Оглянувшись на дверь, Иван Кучкович негромко гнул свое:
– Со временем и патриарха того цареградского осилит, дай срок! Нам, бояре, с князем Андреем не по пути. Что ли, один я хочу жить по своей воле? И вы, небось, каждый себе господином быть желаете, как прежде было. А подумать бы о новом князе… Чем Василько, другой сын Юрия, нам не князь? Тихий… Мачеха Андрея сильно его любит. Шутка ли – греческая царевна! И попы цареградские нас не оставят… Брат Яким, ты их лучше знаешь, поведай...
– Не верю я детям князя Юрия, – отвечал Яким тихо. – О мачехе мы с Петром говорили: горда она больно, грекиня-то. К ней в Царьграде теперь не подступишься.
Гости замолчали, точно прислушиваясь к шороху листвы под окнами.
Иван продолжал осторожно:
– Сказывал мне один верный человек про епископа Леонтия. Ездил к нему Василько, а Леонтий обещал просить за него киевского митрополита.
Собравшиеся переглянулись.
– А Андрея?.. – дрогнув голосом, спросил Яким.
– Ночь темна, – с усилием проговорил Иван. – Пошел князь стражу проверять, да и упал с башни... Все под богом ходим…
Он засмеялся натужно, зло искривив рот, словно выдавая свои слова за шутку.
Семен Драгомилович брезгливо отодвинул кружку. Смотрел на отца, обрюзгшего, полупьяного, злого… Горяч на руку, не чувствует милосердия ни к холопам, ни к сыну, да и к самому себе не ждет… А все же отец!..
Когда гости воровски крались с Кучкова двора, Семен Драгомилович, немного проводив отца, тронул коня прочь, крикнул: «Догоню!». Прискакал на княжий двор, требовательно стучал в ворота. Провели к князю. Семен рассказал все, что слышал. Андрей сказал с горечью:
– Ради тебя, помилую отца твоего. Но, чтоб сидел тихо!
Предложил Семену до утра остаться у себя на дворе. Тот отказался – поедет виниться перед отцом. Утром парня нашли с проломленной головой. Конь тащил тело, застрявшее ногой в стремени. Выходило, будто гнал перед рассветом, да убился…
Андрей не медлил. Утром же княжеские дружинники взяли Кучков двор в правильную осаду. Выбили ворота, боярина Ивана нашли в подвальной клети, за большой кадкой с квашеной капустой, там же и казнили. Яким прискакал на братний двор поздно, дружинники Андрея садились на коней за воротами, глядели на Якима недобро.

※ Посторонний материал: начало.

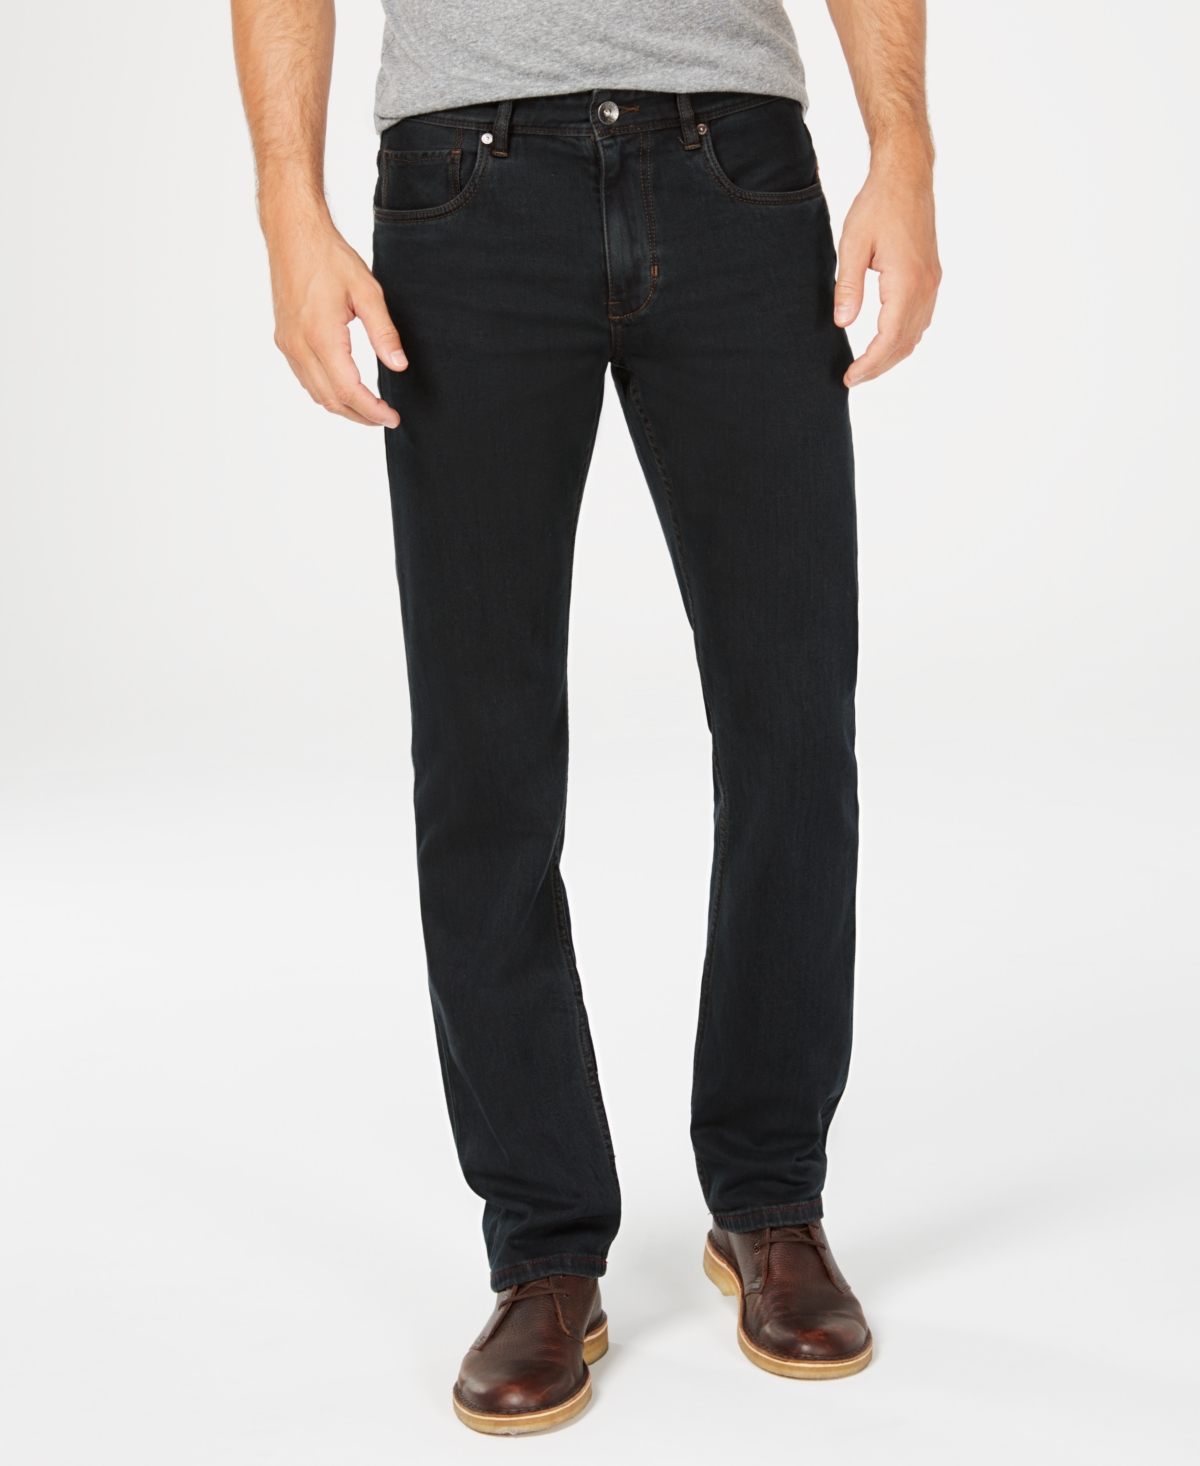 UPC 719260422490 product image for Tommy Bahama Men's Antigua Cove Authentic Fit Jeans | upcitemdb.com

– Ох, судари-светы! – бормотал старый Иванов слуга. – Что творят-то! Сами с собой режемся!
Яким приказал готовить к похоронам тело брата. Пошел туда, где хранилось в больших кувшинах вино, пил, словно воду.
Что было дальше, Яким так никогда и не вспомнил. В его собственных палатах нашли его какие-то люди, среди них знакомыми были непривычное, иноземное лицо Анбала, да бородатый боярин Драгомил. Он шел куда-то с ними, была ночь. Анбал провел на княжий двор тайной калиткой. Крались по узким переходам и лестницам, заглянули в караульную горницу – дружинники спали вповалку, тяжкий, нездоровый храп, казалось, подпирал стены. «Опоены Анбалом, зельем булгарки-княгини», – понял Яким.

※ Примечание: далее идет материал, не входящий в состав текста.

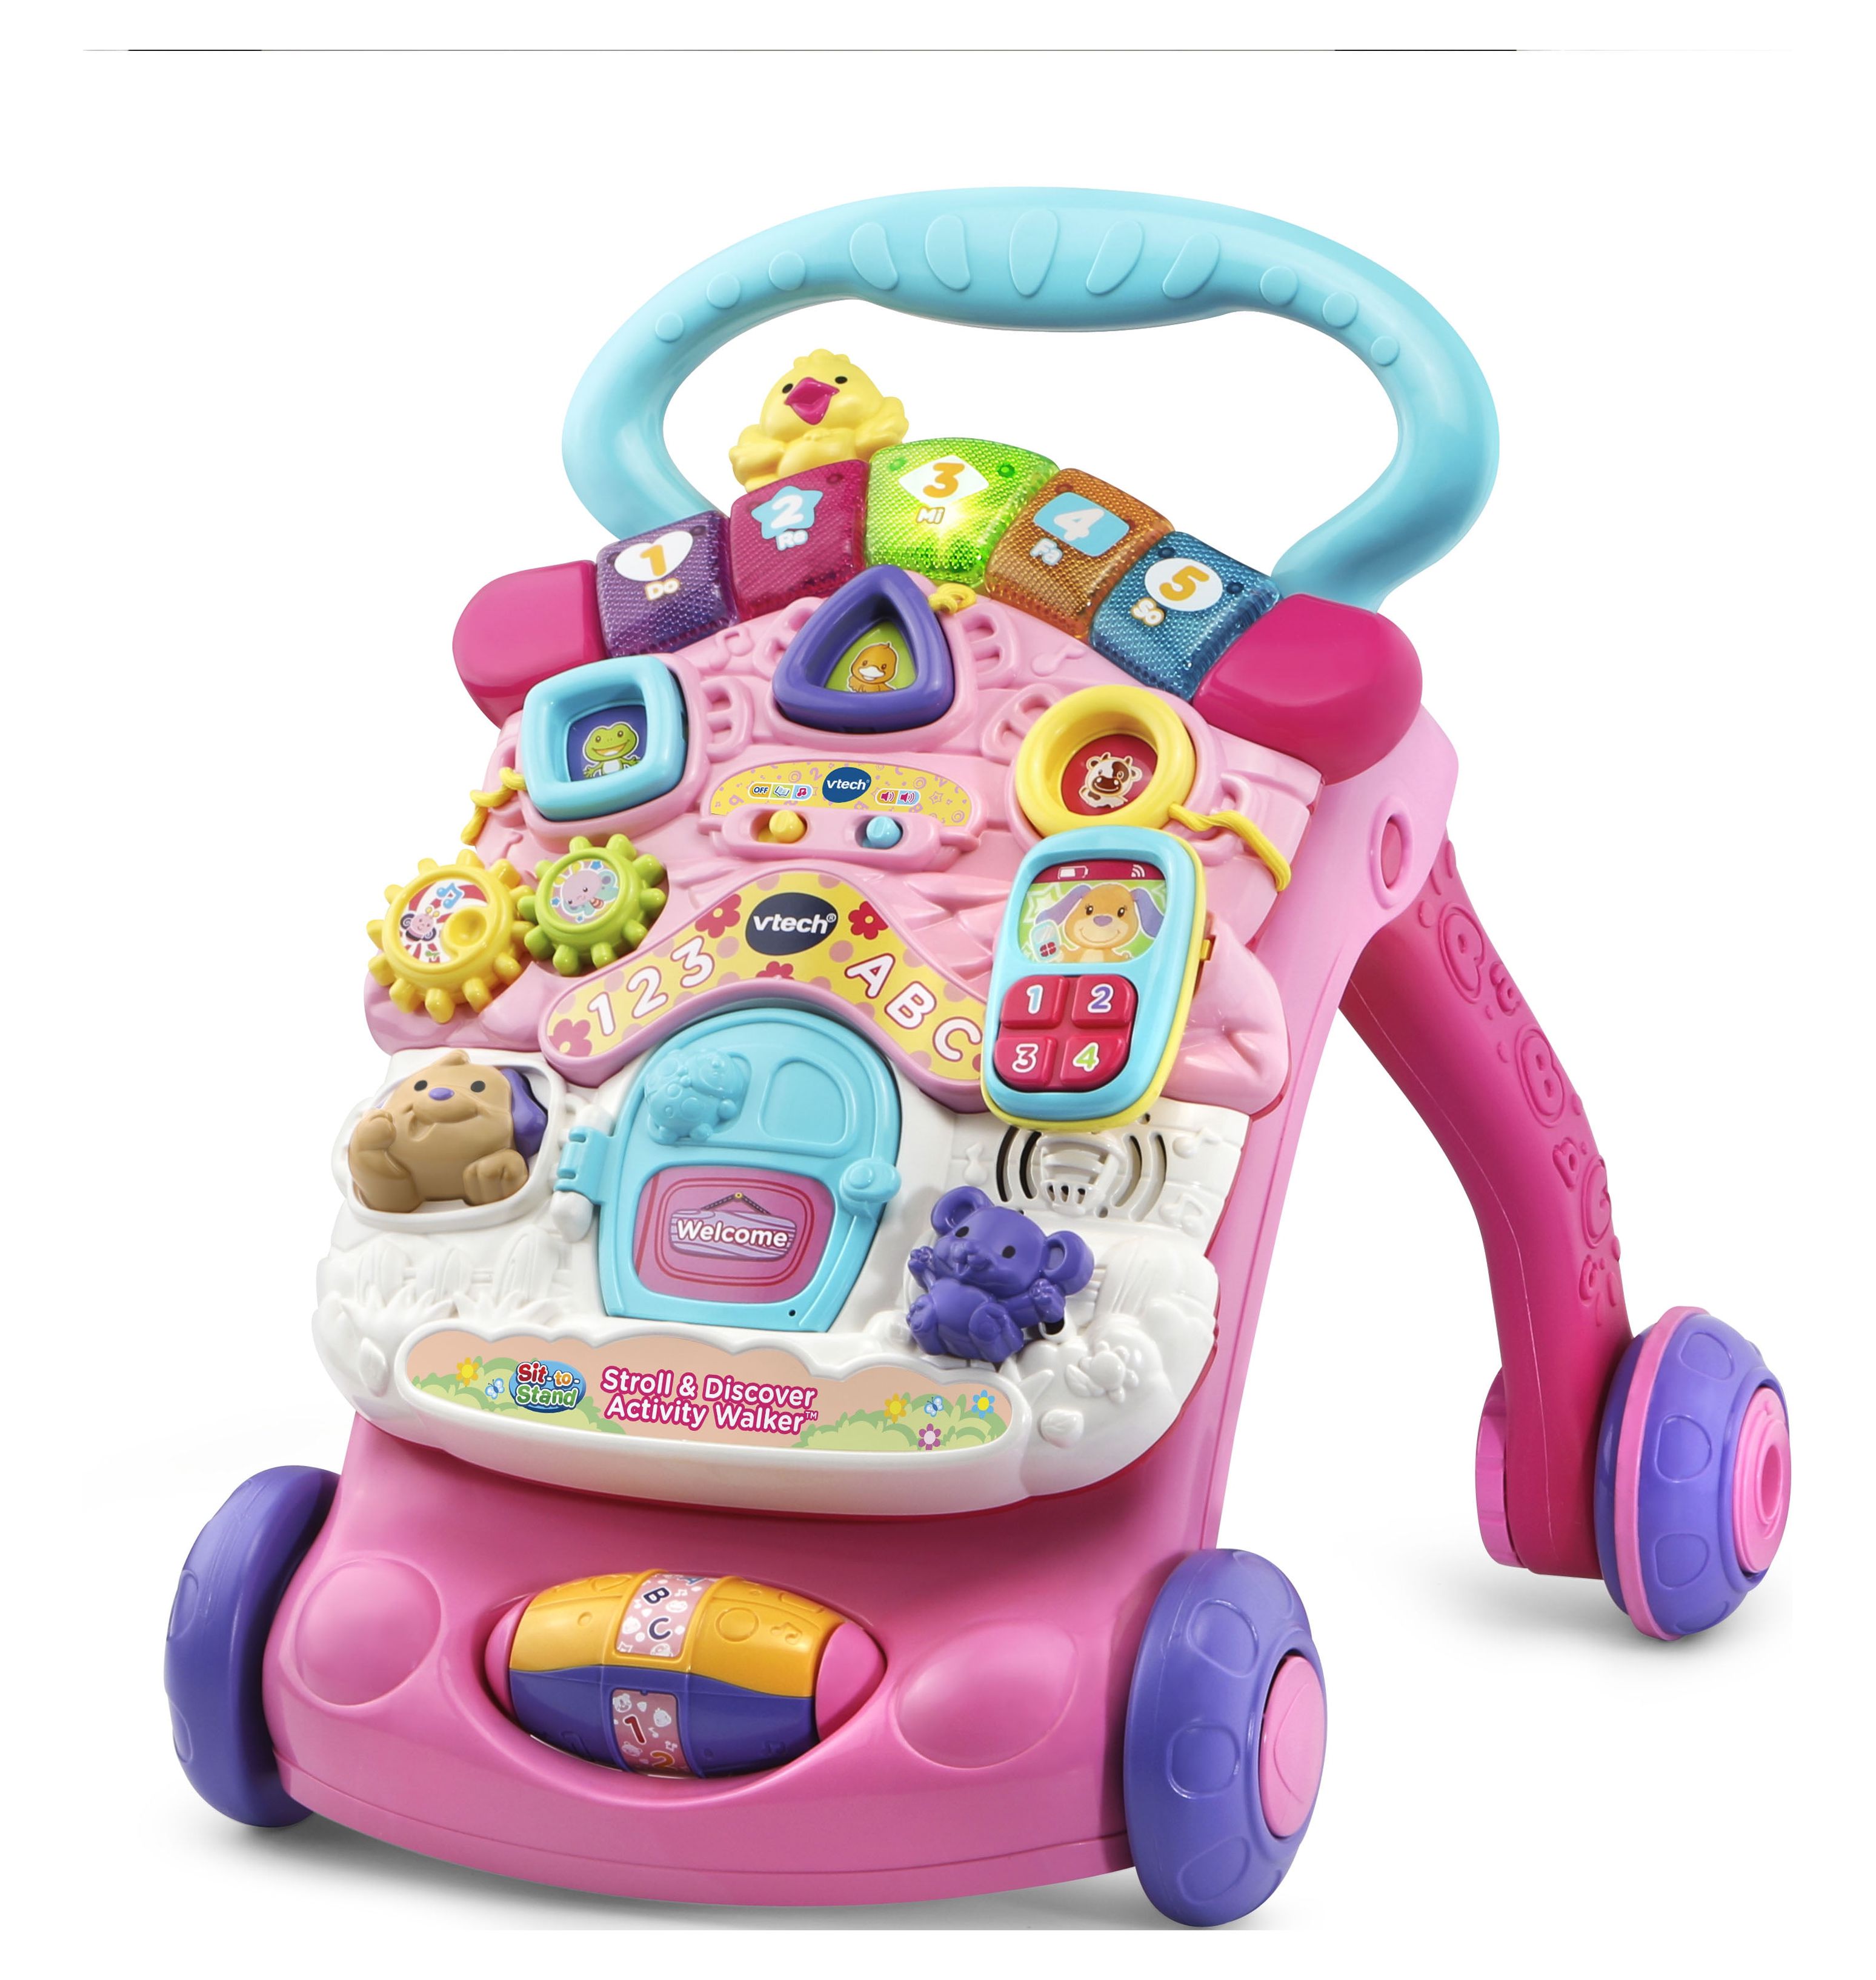 VTech® Stroll & Discover Activity Walker™ 2 -in-1 Pink Toddler Toy 9–36 months - image 1 of 5

Вдруг словно что-то нашло на заговорщиков. Они растерялись, стали медлить, пятиться. Анбал тычками, пинками погнал их в подклеть, где хранилось вино. Пили, как воду, снова пил и Яким.
Уже не скрываясь, ломились в опочивальню Андрея. Когда выбили дверь, он, в белой рубахе, шарил по горнице, искал меч святого Бориса. Анбал ухмылялся – он загодя украл оружие из ящика, в котором, на бархате, хранился меч, и спрятал, чтобы не сослужил он службу князю. Когда понял, что сейчас будут бить саблями, Яким загородил Андрея собой, крикнул: «Стойте! Нельзя так!». Потом с удивлением смотрел на неудобно выпершее из груди острие булгарского кинжала, пробившего тело со спины насквозь. На конце острого клинка медленно копилась темная кровь. Боли Яким не чувствовал, только и без того темная опочивальня, фигуры мятущихся людей стали вдруг прозрачно-серыми. Яким увидел, вроде бы, самого себя, оседающего к бревенчатой стене, но странно отдельного, словно затемненное отражение.
Потом шли они с Андреем по темной лестнице, и почему-то оказались на затянутой туманом пристани.
– Пойдем, Андрей, – говорил Яким, – тебе нужно отдохнуть, подкрепиться.
– Ох, Якимка! – отвечал Андрей, кладя руку ему на плечо, и улыбаясь дружески, как в юности. Рука была перерублена, залита сквозь прореху на рукаве потоками крови, но действовала исправно, только была невесомой и прозрачной, как и вся фигура князя. – Не пускают меня. А ты не бойся, иди, отдохни. Скоро встретимся…
Яким посмотрел туда, куда указывал Андрей, и сквозь легкий туман увидел убранную дерном с ковриками поминальничков, нежных белых цветков заячьей капусты, ладью. Она, понял Яким, должна везти его куда-то в Боголюбово, к белой, строгой церкви, смотрящейся в чистое серебро Клязьмы.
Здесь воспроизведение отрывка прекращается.